第3話 伯爵家の養女となりまして
私は翌日リーマス伯爵家に向かった。
何も持たずに来て良いと言われたし、貴族の屋敷に持って行ける物なんて持っていない。
早速部屋に通されて、付け焼刃の淑女教育を受ける。
私にとっては未知の事で、体力的、精神的な辛さよりも、興味の方が勝った。
何よりドレスが動きにくい。
この国の平民の服は少しだけ丈が短い。
脛の辺りに裾がくる形で、コルセットなどはつけていない。
材質は亜麻や毛織物の一枚布だから、軽いのだ。
片や貴族のドレスは絹に木綿で、共布を使ったフリルやレースがふんだんに使われているし、何層にも布を重ねたりもしているので、少し重い。
肌触りは良いのだが、肌に纏わりつくような柔らかさも慣れるまで落ち着かなさそうだ。
慣れない服を着て、慣れない靴を履いて、ふらつかないように踏ん張って淑女の挨拶を学ぶ。
それだけで、普段使っていなかった筋肉が悲鳴を上げる。
だが、毎日立ちっぱなしの働き詰めだった平民の体力は貴族よりもあったのだろう。
最終的には教師も私の所作に頷いた。
忘れないように寝る前に練習しないと……。
密かに心に誓い、次は座学を学んだ。
読み書きや計算は普通に出来るし、父の手伝いをする為に教師も雇って勉強はしていたので問題ない。
本を読むのは苦ではないし、寧ろ楽しい。
この国の歴史位は勿論図書館の本で読んで知っている。
知らなかったのは貴族名鑑くらいだ。
教師は安心したように、私にそれを与えて退室する。
昼食も忘れて、私は読み込んでしまった。
邪魔をしないよう言われていたのか、日がとっぷり暮れるまで誰も部屋には来なかったので、気づいたのは陽が落ちてからだ。
「晩餐はどうなさいますか?」
「わっ!」
部屋の隅から窺うように声をかけられて、私は思わず悲鳴を上げてしまった。
その声に、逆に使用人も驚いている。
「あ、御免なさい。
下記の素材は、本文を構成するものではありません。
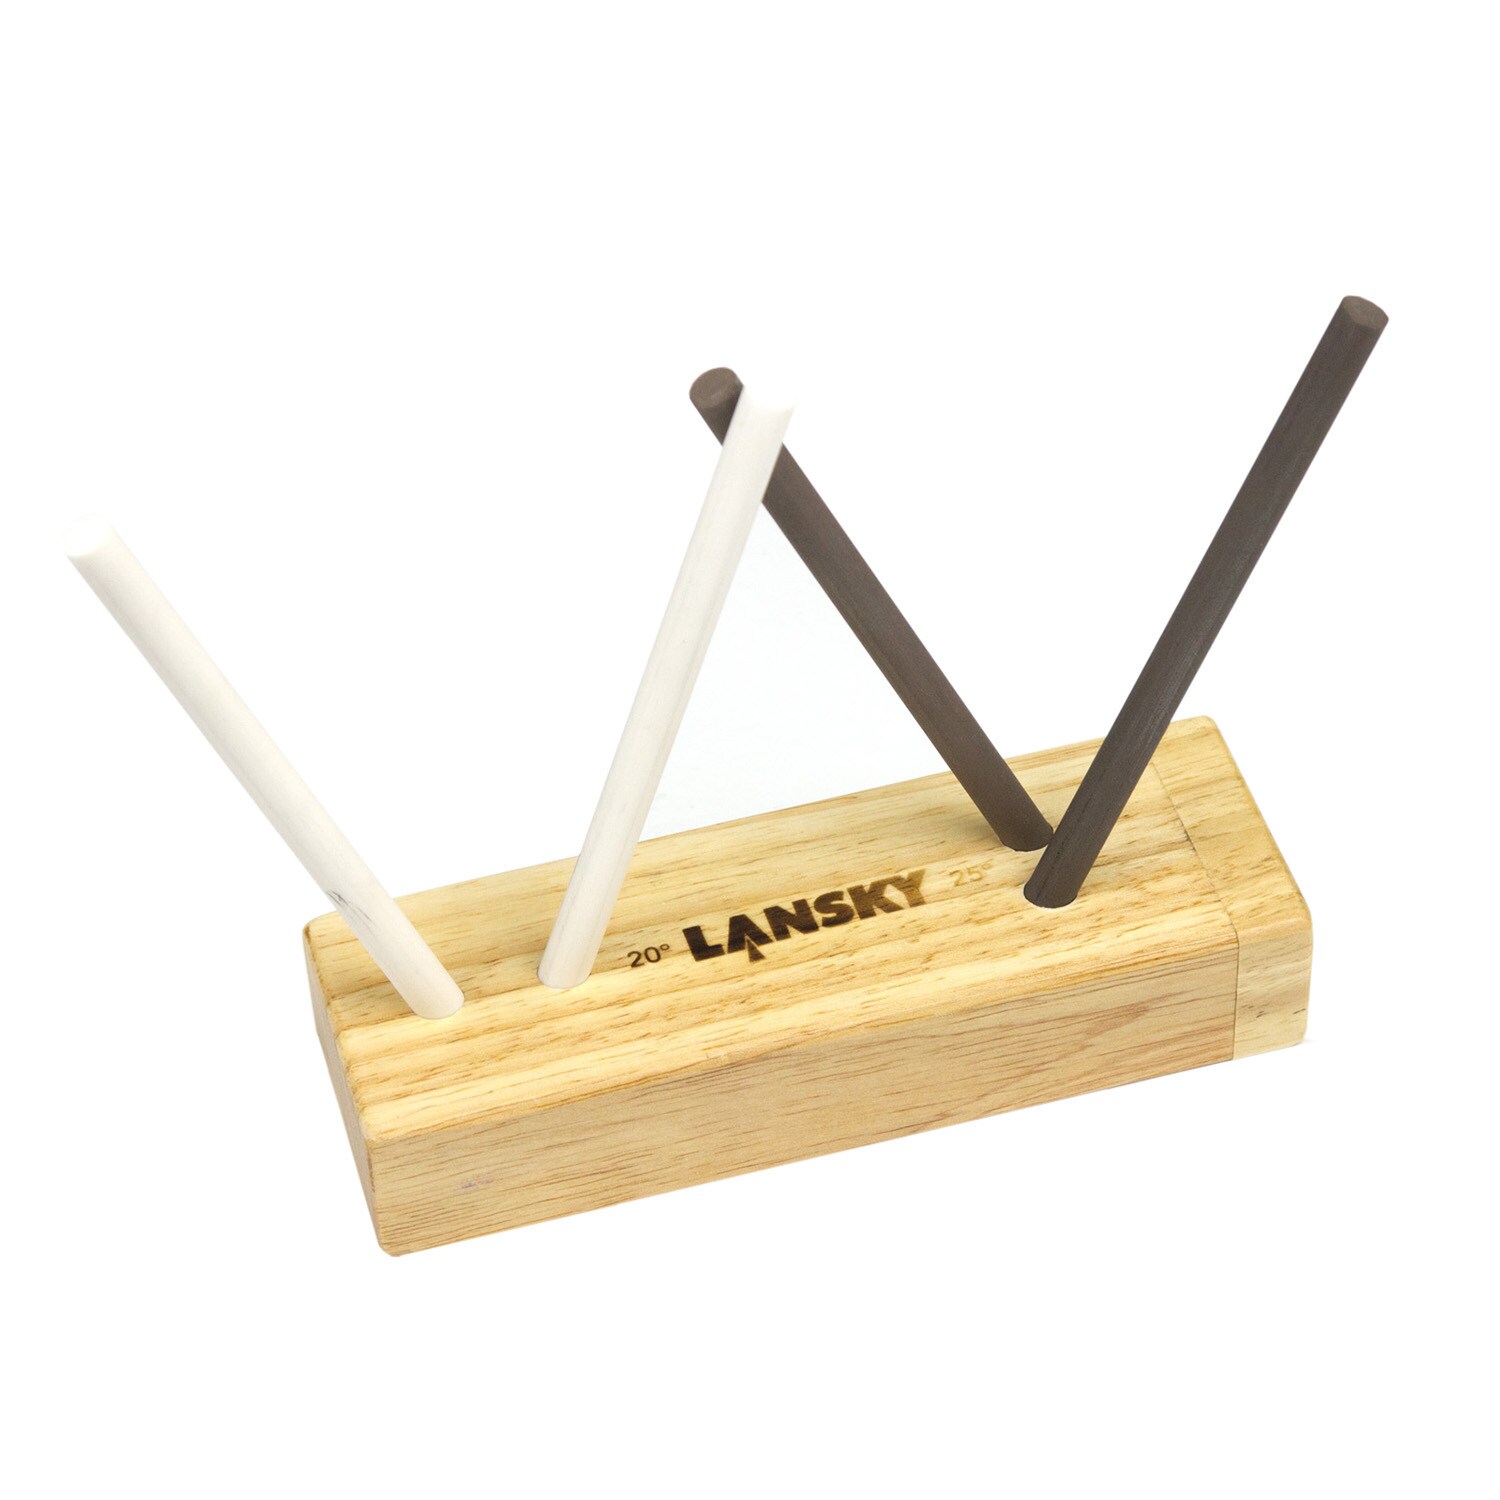 Lansky Turn Box 4 Ceramic Sharpener LCD5D - shop

部屋で食べれるなら部屋で食べたいです。まだ食事の作法を教わっていないので」
「畏まりました」
丁寧に頭を下げて、使用人は部屋を出て行く。
ほどなくして、ワゴンに食事を載せて、使用人が戻ってきた。
ふわりと鼻腔を擽る良い匂いに、思わず喉が鳴る。
肉に野菜にスープ、そして柔らかいパン。
実家の食事より少し豪華かな?という料理。
とはいえ、実家も裕福な商家なので、休みの日やお祝いの日にはこれよりも豪華な料理は供される。
「ありがとう」
「……他に御用がございましたら、お呼びください」
深く頭を下げて、女性の使用人は部屋を後にする。
私は早速、夕食をむしゃむしゃ食べた。
温かくて美味しい。
一人の食事は少し寂しいけど、それでも気軽に食べれる方が今日は有難い。
だって、食器の使い方や料理の取り分け方とか、綺麗なドレスを汚さないように振る舞うのも全て神経を使う。
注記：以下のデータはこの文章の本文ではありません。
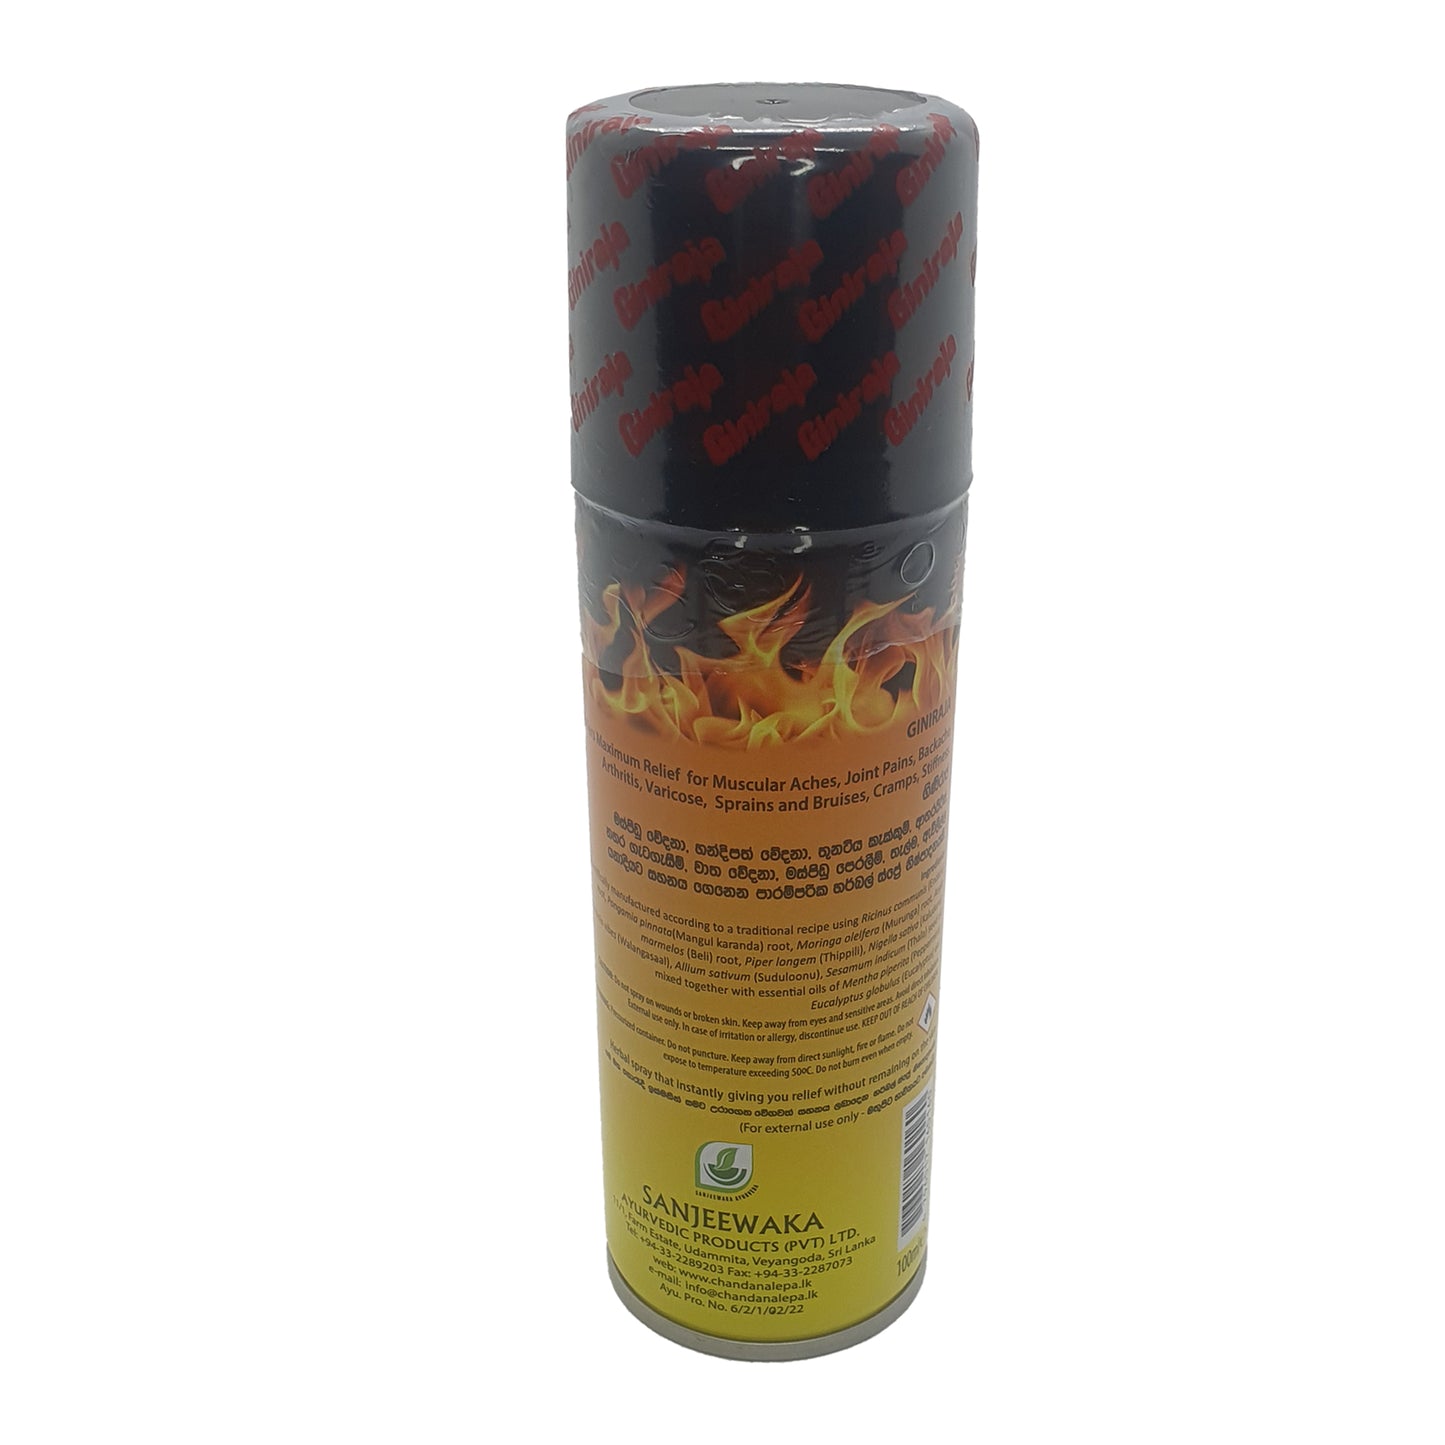 Chandanalepa Giniraja Pain Relieving Herbal Spray (100ml)

よくそんな状態で味を楽しめるな、というのが私の感覚だ。
美味しい、と思いながらお腹を満たす方が幸せである。
そして、はた、と気が付いた。
物語ではよく、こういう境遇の人間は冷たく遇されるものではないかしら?
料理もゴミみたいだったり、何か変な物が混ぜられてたり、とか。
私は注意深くスープをかき混ぜてみるが、特に変な物は見当たらない。
美味しい。
やっぱり、伯爵がどうしても侯爵家と縁づきたいから、一応大事な駒として扱われているのかしら?
その内従姉のサリーあたりが、馬鹿にしに来そうだけど。
ともかくその日は無事、何事もなく終わった。
入浴を手伝おうとされて固辞したくらいで。
侯爵家に嫁いだら、他人に手伝われなきゃいけないのだとしたら。
それはそれで、ものすごく憂鬱だ。
翌朝、日の出と共に目覚める。
ちょうど、朝の仕入れに出かける時間帯で、私は動きやすそうなドレスに着替えると、庭を散歩する事にした。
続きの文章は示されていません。